靶向耐药乳腺癌干细胞中的 eIF4A1 该项目的总体目标是描述解旋酶活性的调节机制 eIF4A1 控制多能性 TF 和 ABC 药物转运蛋白以及如何利用它来克服药物 转移性 TNBC 的耐药性。目前，尽管原发性乳房的存活率显着提高 癌症患者中，90%的死亡率是由于侵袭性肿瘤的化疗耐药导致转移所致。 新辅助血液疗法 (NACT) 是通过聚 ADP 核糖聚合酶 (PARP) 进行治疗的主要方法 抑制剂可与免疫疗法一起使用。病理完全缓解（pCR）普遍较低 TNBC 患者。对 NACT 和靶向治疗的耐药性主要是由于少数乳腺患者 癌症干细胞样细胞（BCSC）或肿瘤起始细胞。 BCSC 本质上具有高耐药性 可塑性和自我更新能力。它们的增殖和侵袭能力介导肿瘤发生、免疫 逃避和转移。在治疗过程中也会产生对化疗和免疫治疗的获得性耐药。 经过这种治疗后，大部分肿瘤细胞死亡，但 BCSC 存活并构成微小残留病 （MRD）。幸存的多能 BCSC 可以进行多谱系分化并重新填充整个细胞。 异质性肿瘤。
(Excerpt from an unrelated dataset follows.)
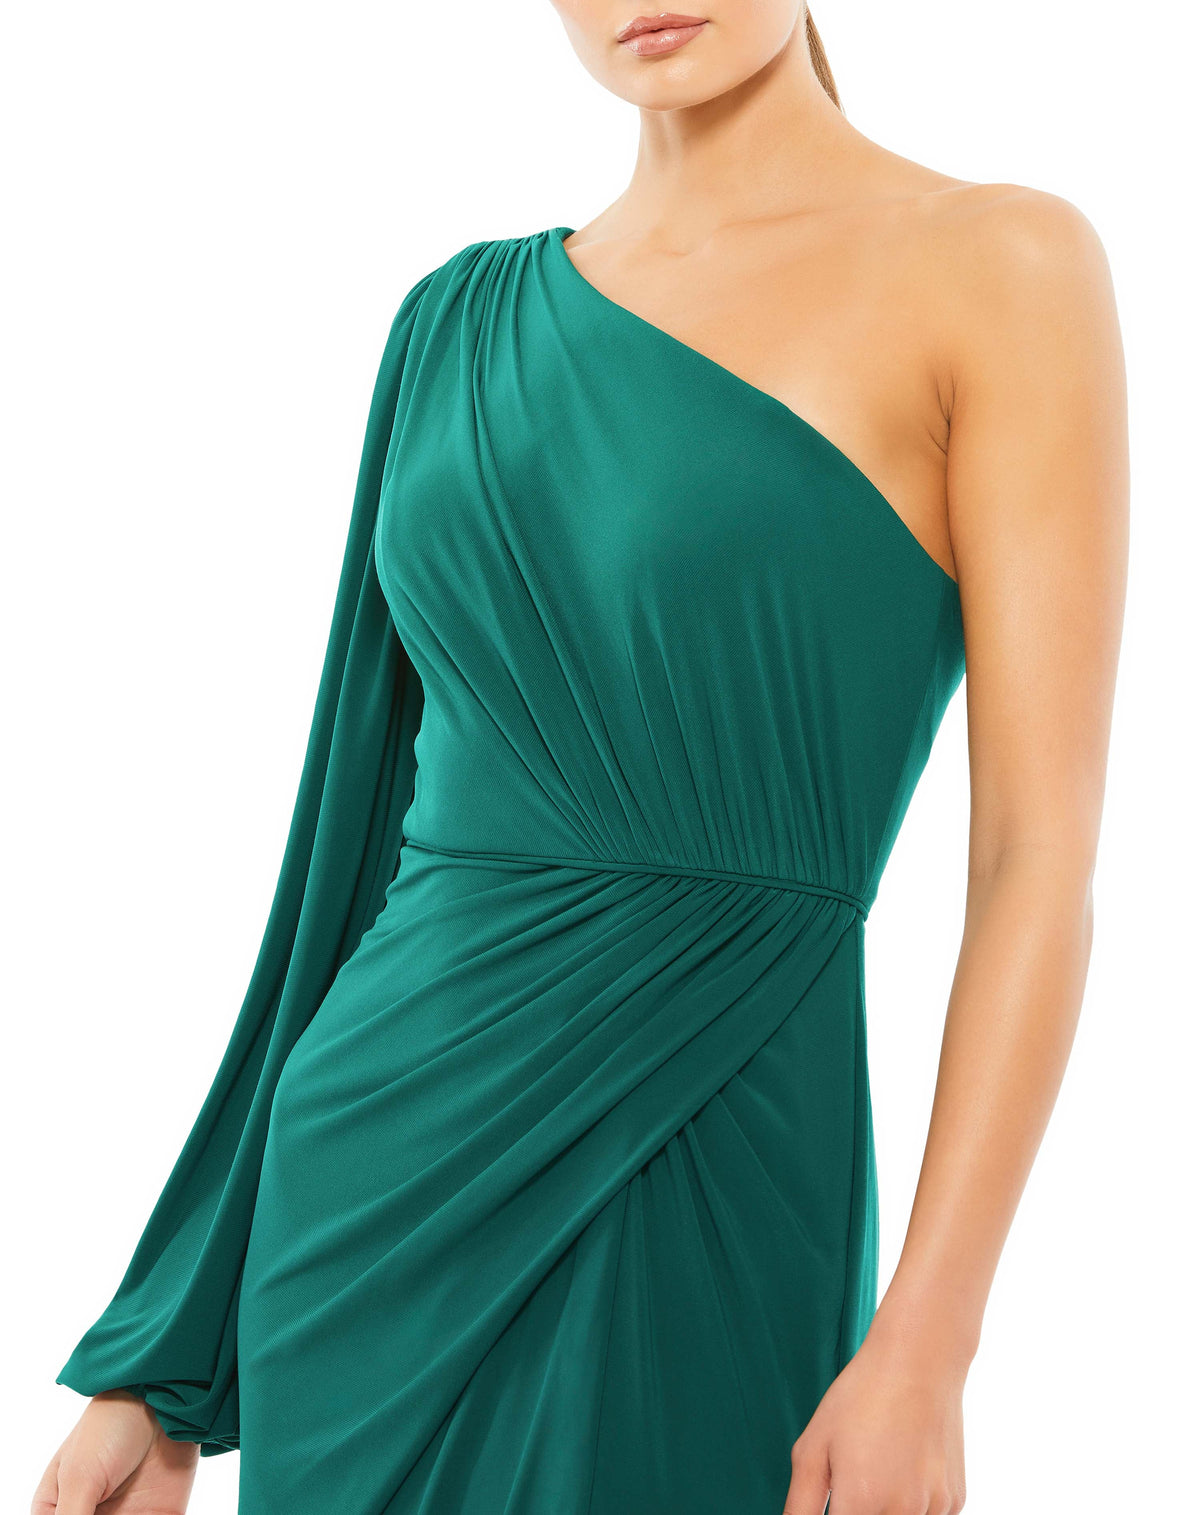  cThis stunning Ieena for Mac Duggal elegant, emerald green long-sleeved, evening gown is a beautiful, full-length evening dress with asymmetric detail. With one sexy-thigh high split, dress is perfect for proms, black-tie affairs, weddings and special events!l close up

这导致肿瘤复发，其本质上更具侵袭性和高度转移性。 BCSC 干性标志物（ALDH 和 CD44）高表达的肿瘤表现出最差的临床表现 TNBC 患者的结果。因此，确定新目标和战略目标的需求尚未得到满足 BCSC 在转移性 TNBC (mTNBC) 中克服化疗耐药性、消除 MRD 并实现更好的 pCR。 在本研究中，我们打算寻找 eIF4A1 解旋酶活性调节的机制 多能性，ABC转运蛋白有助于化学抗性。我们在目标 1 中建议确定 eIF4A1 解旋酶活性在体外调节多能性和 ABC 转运蛋白中的作用。在目标2中，我们将 确定 eIF4A1 解旋酶活性在调节多能性和 ABC 转运蛋白中的作用 体内。在目标 3 中，我们建议将目标 1 和 2 中的发现转化为临床前 PDX 和 CDX 小鼠模型。这 将促进开发有效治疗 mTNBC 的新型联合疗法，并有望将其转化为人类 第一阶段试验。